A mommy group attempts to get to the bottom of a baby’s disappearance in Molloy’s debut.
“Bad things happen in heat like this.” The May Mothers is a group of Brooklyn women whose children share May birthdates and who enjoy bonding over the trials and tribulations of new motherhood. There’s gorgeous and brash Brit Nell Mackey, ghostwriter Colette Yates, sweet-natured Southerner Francie Givens, and Token, which is the nickname they’ve given the sole stay-at-home dad in the group, whom they assume is gay. Then there’s single mom Winnie Ross, an otherworldly beauty who sets herself apart but seems devoted to her little boy, Midas. When Nell suggests a moms’ night out without the babies, Winnie is reluctant to go, but Nell won’t take no for an answer, even offering to provide a babysitter. They drink the night away at a local bar, and before they leave, Nell receives a phone call from the babysitter with the news that Midas is missing, taken from his crib while she slept. Against the sweltering Brooklyn summer, the ladies, horrified at the mounting sensationalism of the case, use their various skills to dig into Winnie’s secretive past, hoping to bring little Midas home.

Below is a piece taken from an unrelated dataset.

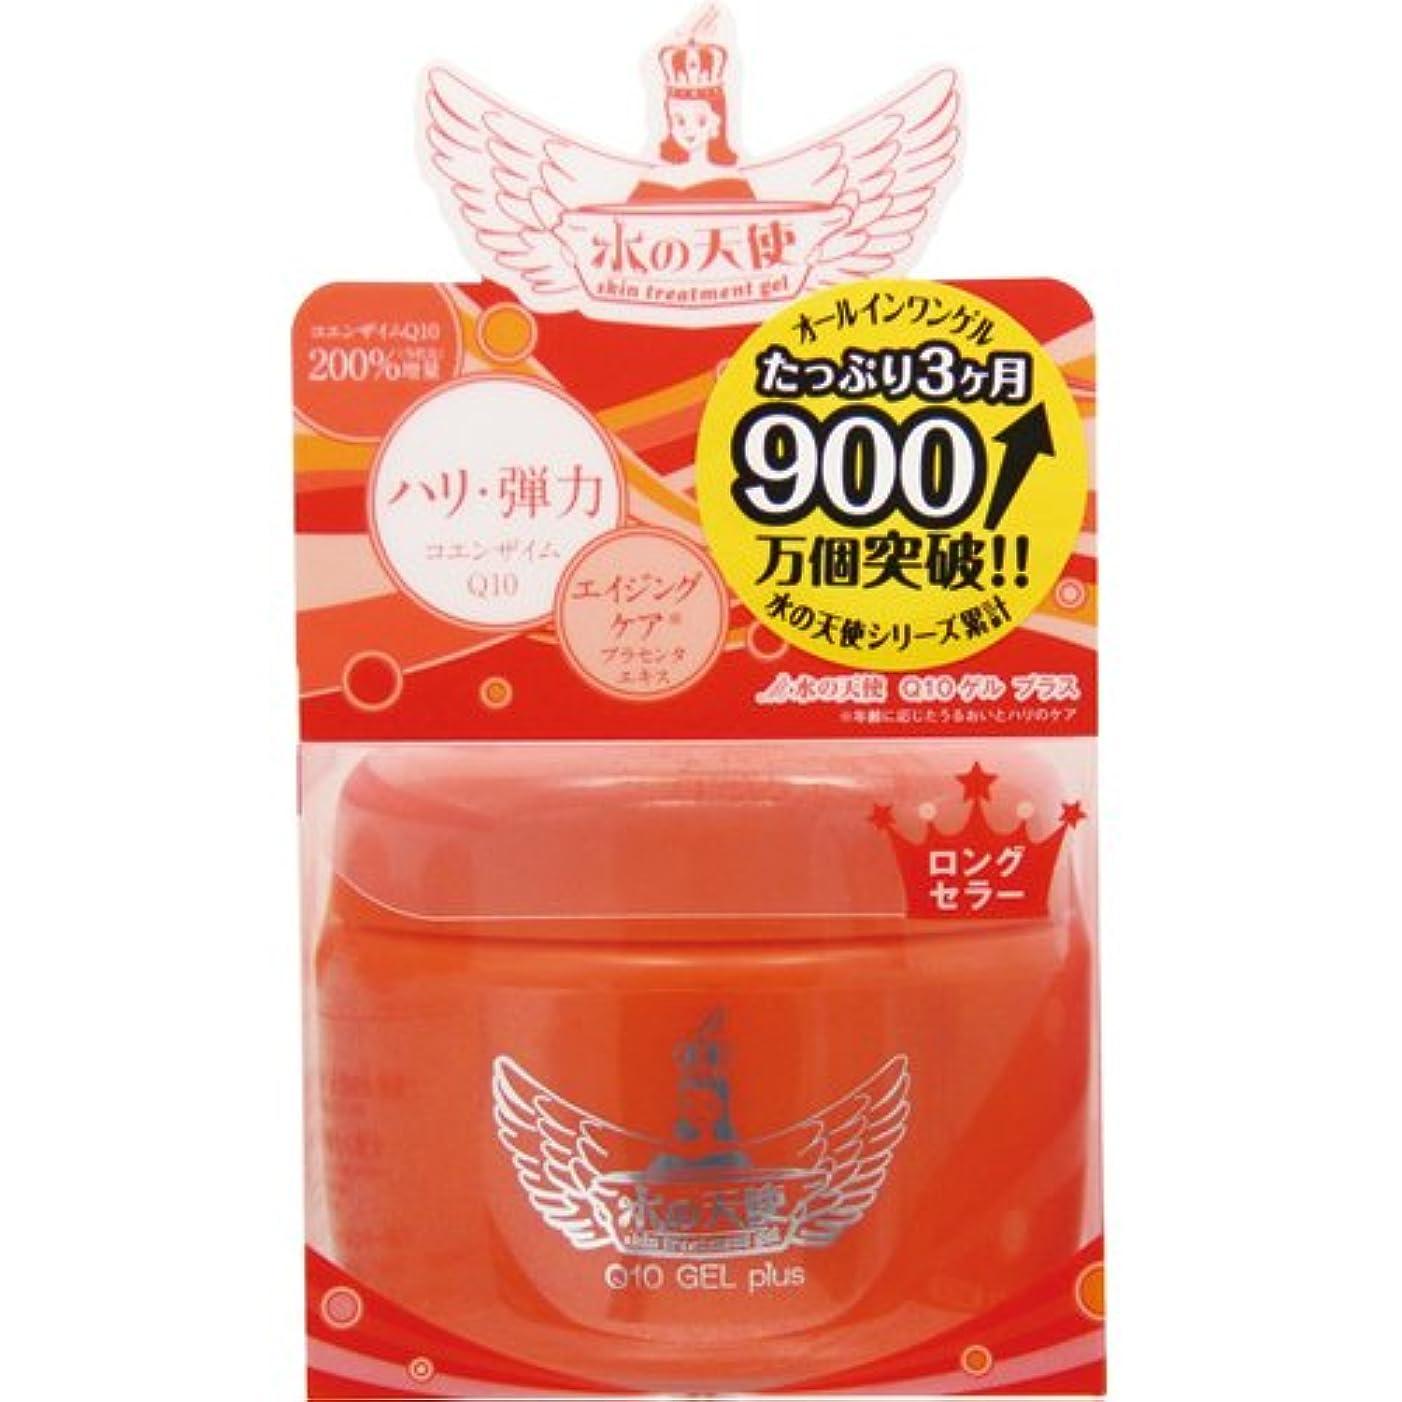 水の天使 Q10ゲルプラス 150g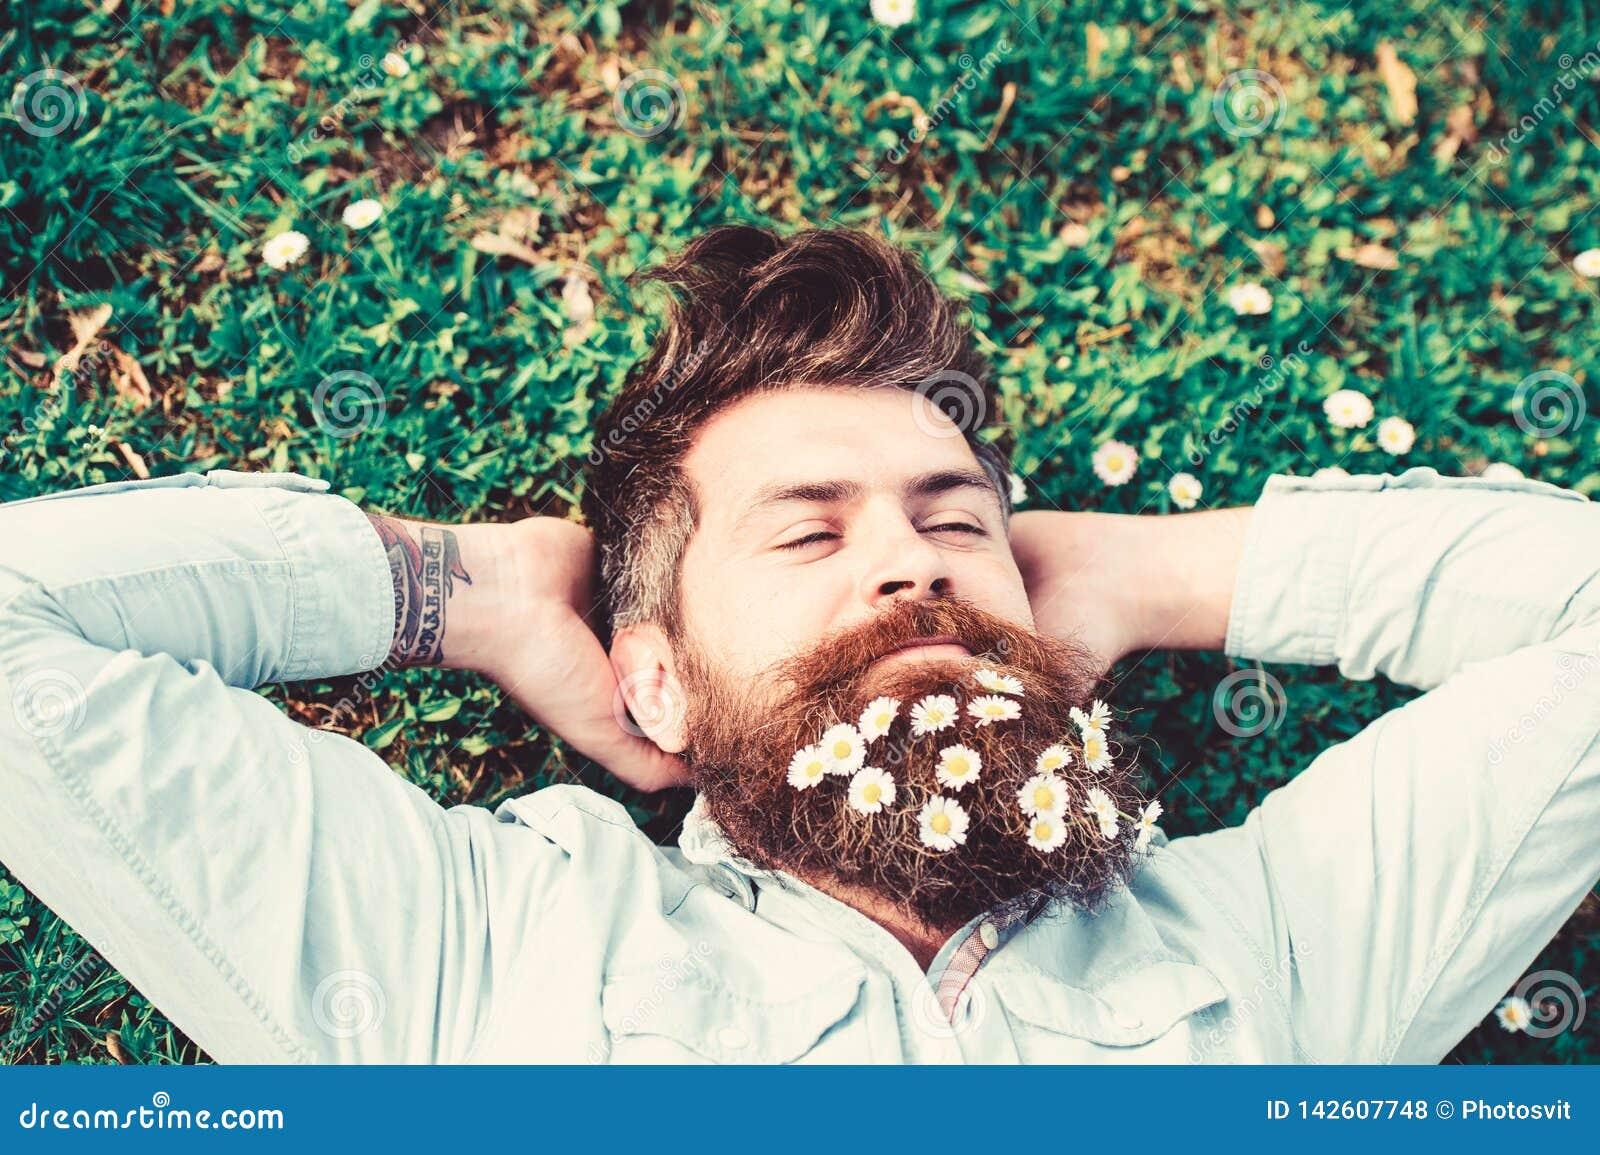 Hipsteren på fridsam framsida lägger på gräs, bästa sikt Grabben ser utmärkt med tusenskönan, eller kamomillen blommar i skägg 30

The narrative rotates among the moms, offering insight into their varied lives, and readers will think they’ve got this one figured out, but the surprises, and revelations, come fast and often. A bonus: Emails sent to the May Mothers by a website called The Village—where they all registered—precede each chapter, doling out smug, one-size-fits-all advice on babies' milestones.
Molloy, a master of clever misdirection, deftly explores the expectations, insecurities, and endless judgement that accompany motherhood in this fast-paced thriller featuring a bevy of strong, smart, and realistically flawed women who, refreshingly, have each other's backs when it counts the most. Mesmerizing.